# Angel of Death Statue



## Lord Soth (Oct 31, 2009)

Basic Frame with wire attached to one wing


----------



## Lord Soth (Oct 31, 2009)

This is the skull I am using with hair which will be hooded and all will be coated with MM to look carved from stone.


----------



## Lord Soth (Oct 31, 2009)

Very rough form of the statue's hands, before shaping the individual bones.


----------



## Calloween (Mar 8, 2009)

Its lookin good cant wait to see it finished.


----------



## Terra (Sep 23, 2007)

So far looking very cool.
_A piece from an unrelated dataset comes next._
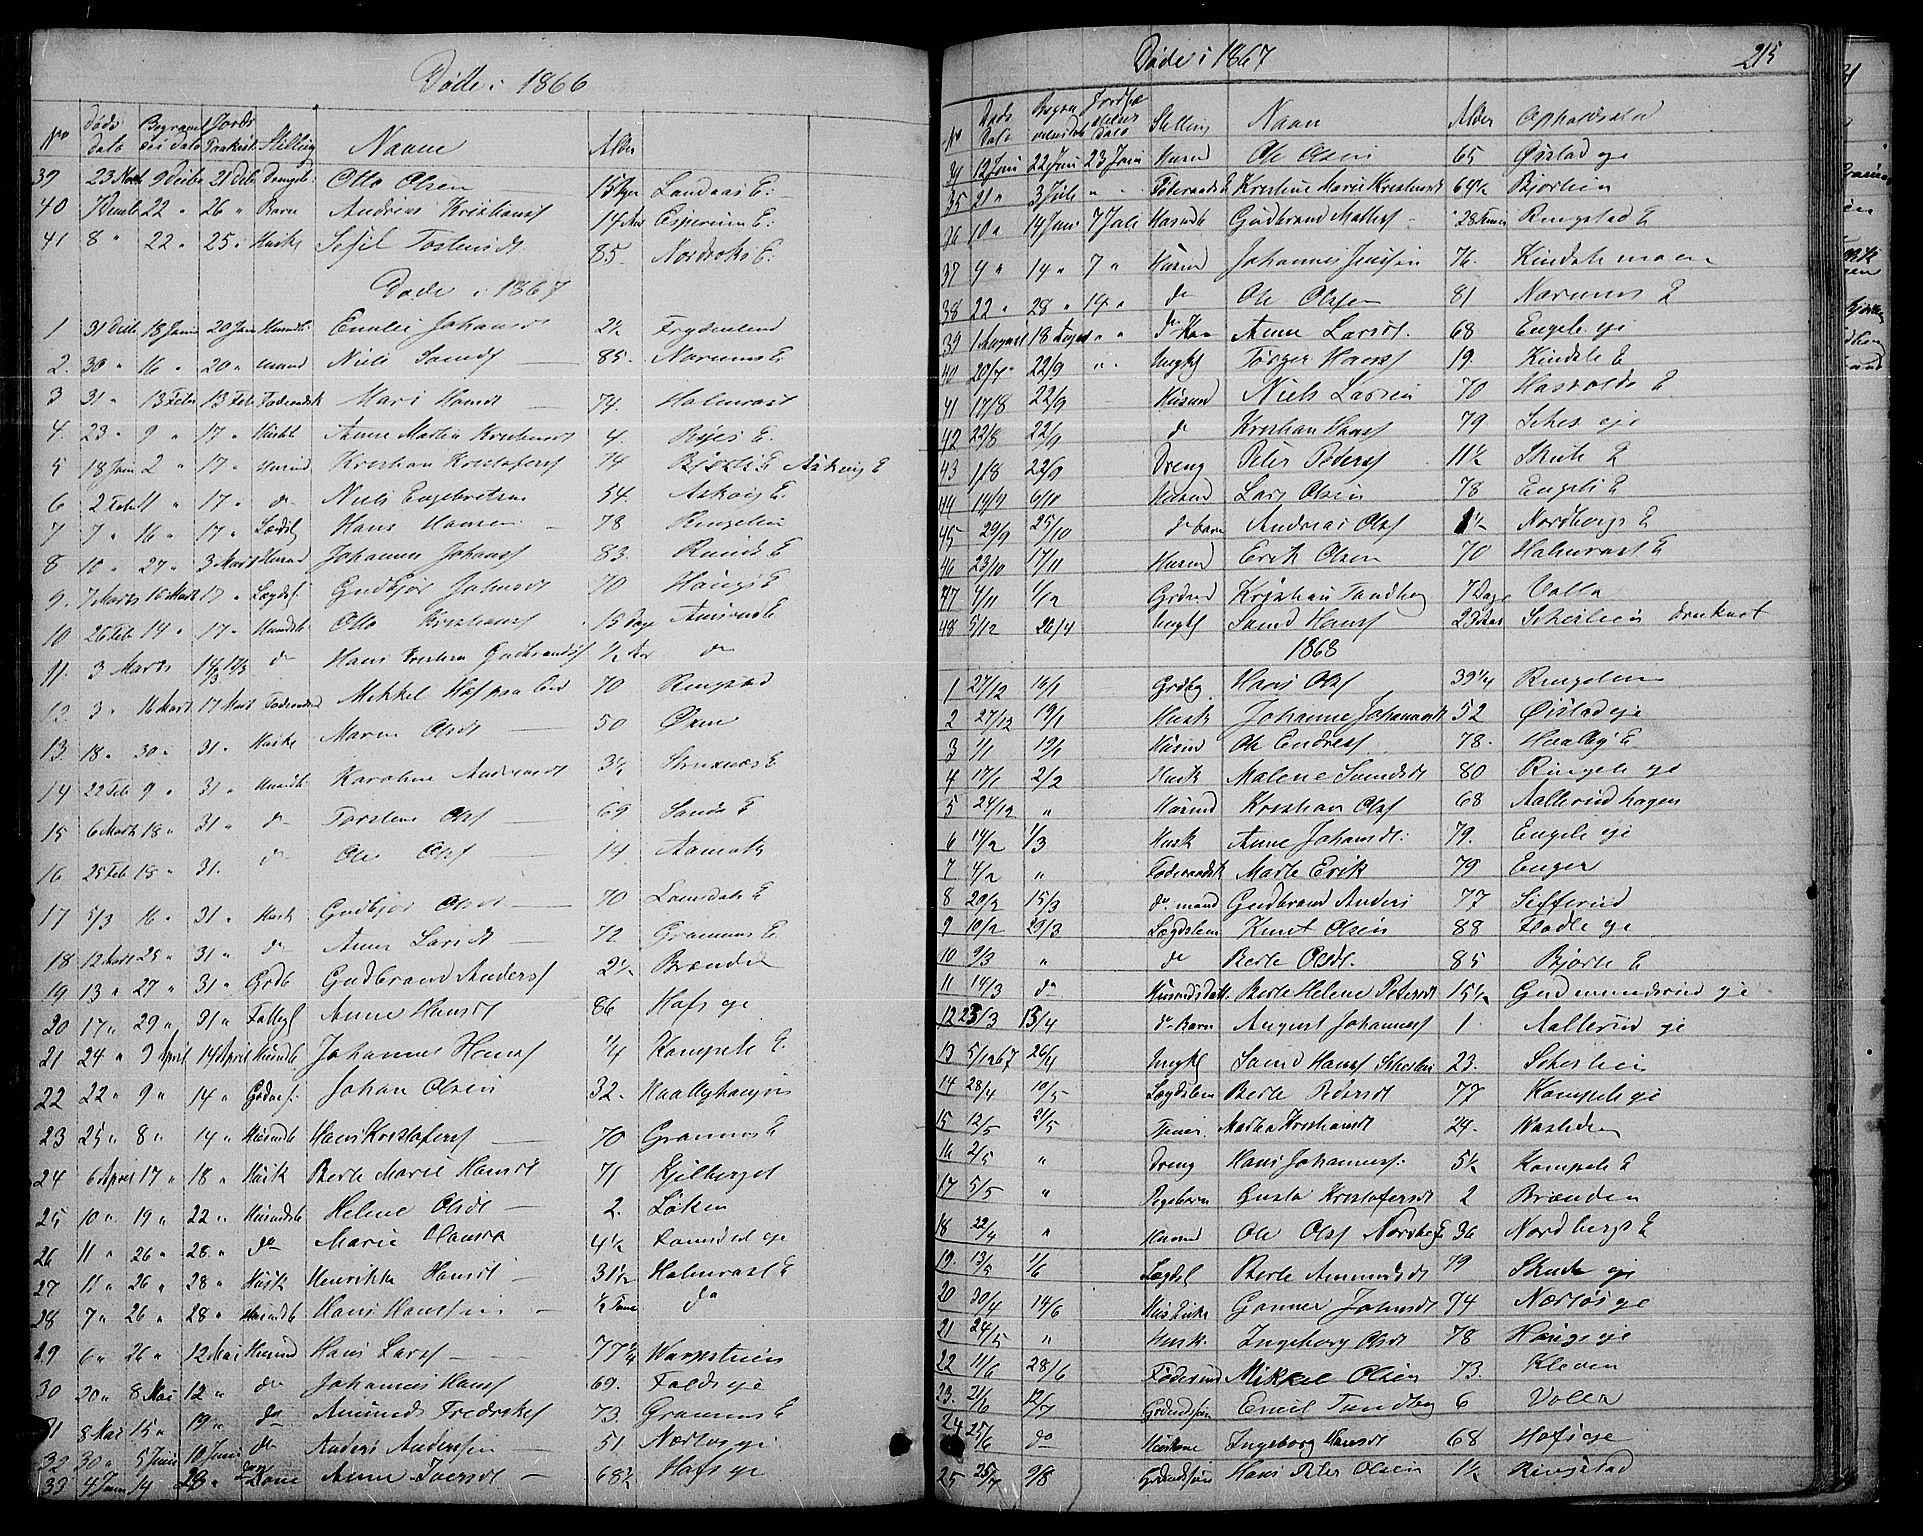 SAH, Søndre Land prestekontor, L/L0001: Klokkerbok nr. 1, 1849-1883, s. 215

The skull mask looks great for the angel statue... creepy.


----------



## DannyK (Sep 21, 2008)

subscribing to this thread...i like where this is going and want to see more!


----------



## StylishTekniqueCC (Sep 7, 2010)

cant wait to see how the wings come out.


----------



## Lord Soth (Oct 31, 2009)

Thanks for the compliments, guys! I am kicking the statue into overdrive now that I have finally finished the Crypt. Will post pics of wings soon as possible.


----------



## Lord Soth (Oct 31, 2009)

Update: Statue may not make this Halloween. Cold front moved in while I was at work and the strong north winds brought the frame down (yes, it was outside cause it was too tall for my garage. Should've had it in the barn). Mostly destroyed, so I may put off rebuild/completion until after Halloween.


----------